Hm, I'd have to agree that this is unexpected:

#########################
use warnings;
use strict;

if(defined(lc(undef)))
   { warn "defined"; }
else
   { warn "undefined"; }
#########################

This prints out "defined" and gives no warnings.

With warnings/strict on, I'd think lc should be
smart enough to check its argument for define-edness
and throw a warning before stringifying it to ''.

print() will complain "use of uninitialied value in print"
double-quoted interpolation will complain
"use of uniintialized value in concatenation"

So, other functions check their inputs for defined-edness,
throw a warning, and then stringify to ''.

lc() appears to just stringify to ''.

Whether lc(undef) should return undef or '', I'm not sure.
It should throw a warning, at the very least.

when you string concatenate an undefined value,
my $var;
my $cat = "Hello, $var";

would you want $cat to be "Hello, " or would you want
$cat to be undef?

Former Ada programmers like myself might want a switch
that would return undef if any component is undef.

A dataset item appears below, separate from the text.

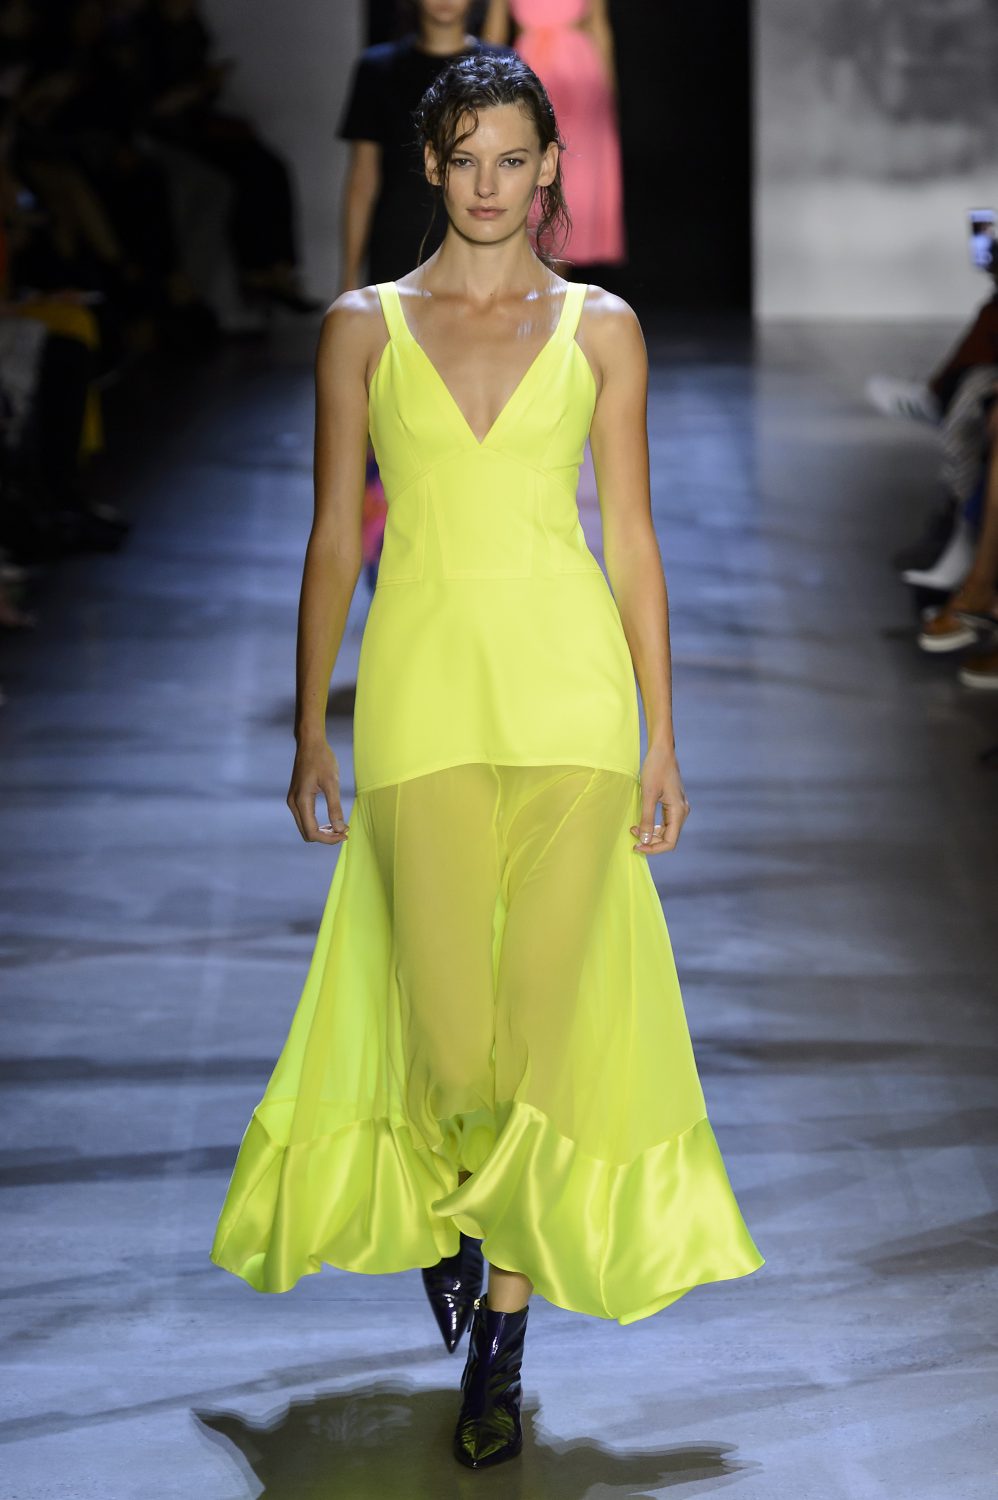 Neon Is The Controversial Trend Brightening Up The Runway | Fashion | MOJEH
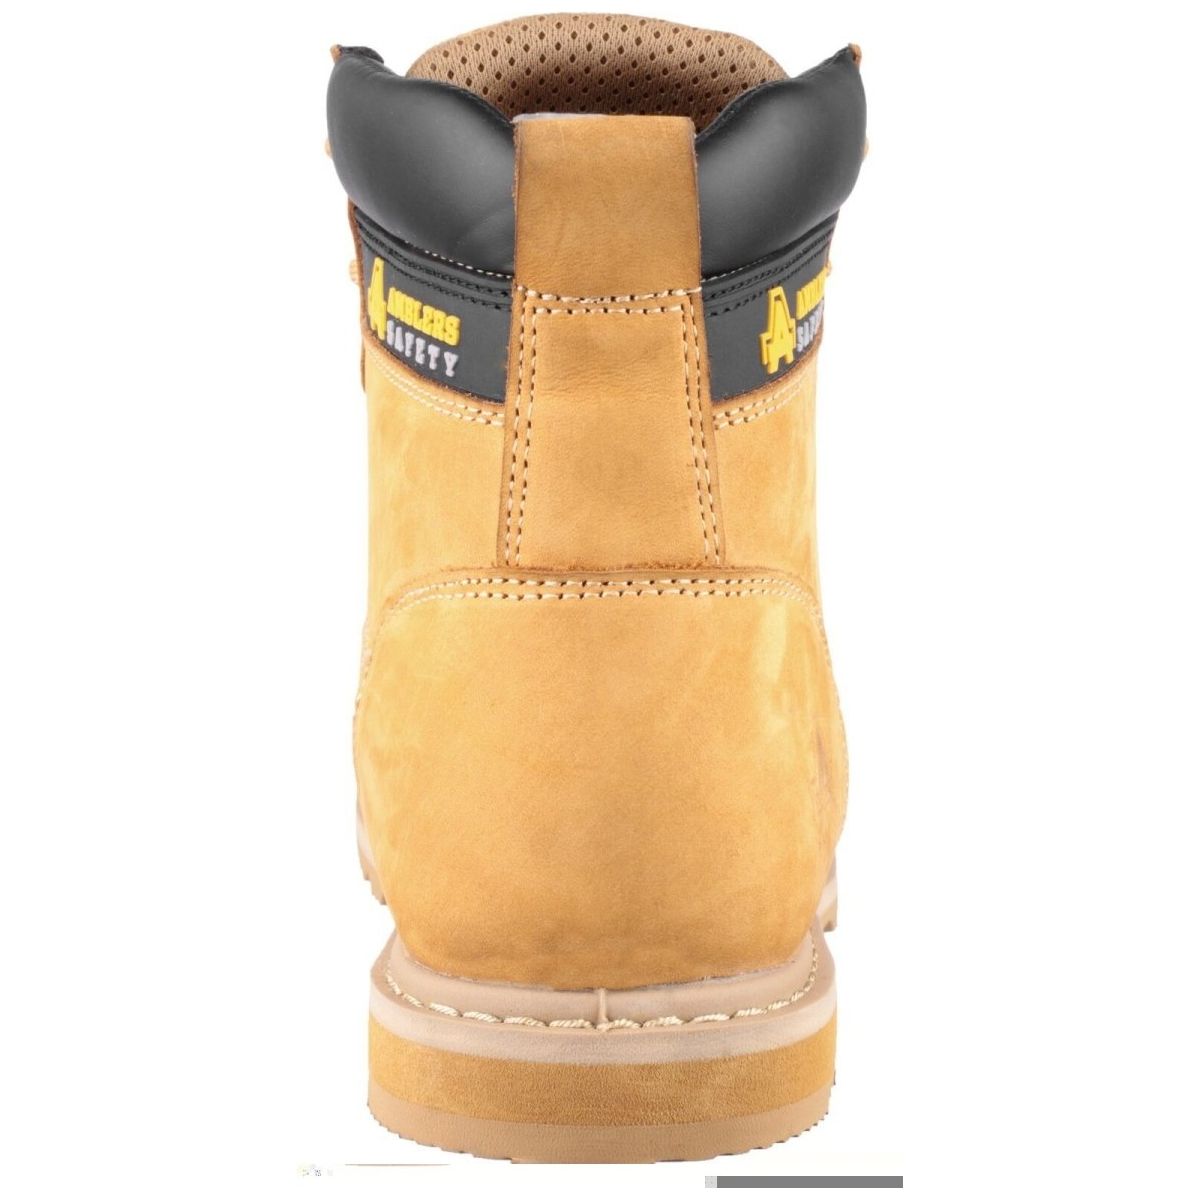 Amblers Safety 147 Welted Safety Boots S3 Mens - workweargurus.com

use strict::explosive_undefs;

This is actually how Verilog acts to some degree too.
(not as bad as Ada, but close). bits have 4 values during
simulation, 1,0,x,z.  An x passed into any function will
come out an x too. This is actually extremely important,
since X's in hardware MUST be dealt with explicitely,
you cannot simply numify to zero and have it actually
work in silicon.

In hardware simulation, a single X can explode throughout
the entire chip, but it's actually what will happen in
silicon. If your voltage level is crap because you've
got contention between two opposing signals, it'll ripple
through all the transistors as a bad voltage (gates are
just transistors, and transistors are just amplifiers,
and amplifying a bad voltage will give you a bad voltage)
till you hit a flip-flop, which will then go meta-stable,
meaning it'll bounce from a 1 to a 0 to a 1 to a 0 for
awhile when it should be a stable memory bit,
and you suddenly have a random number generator.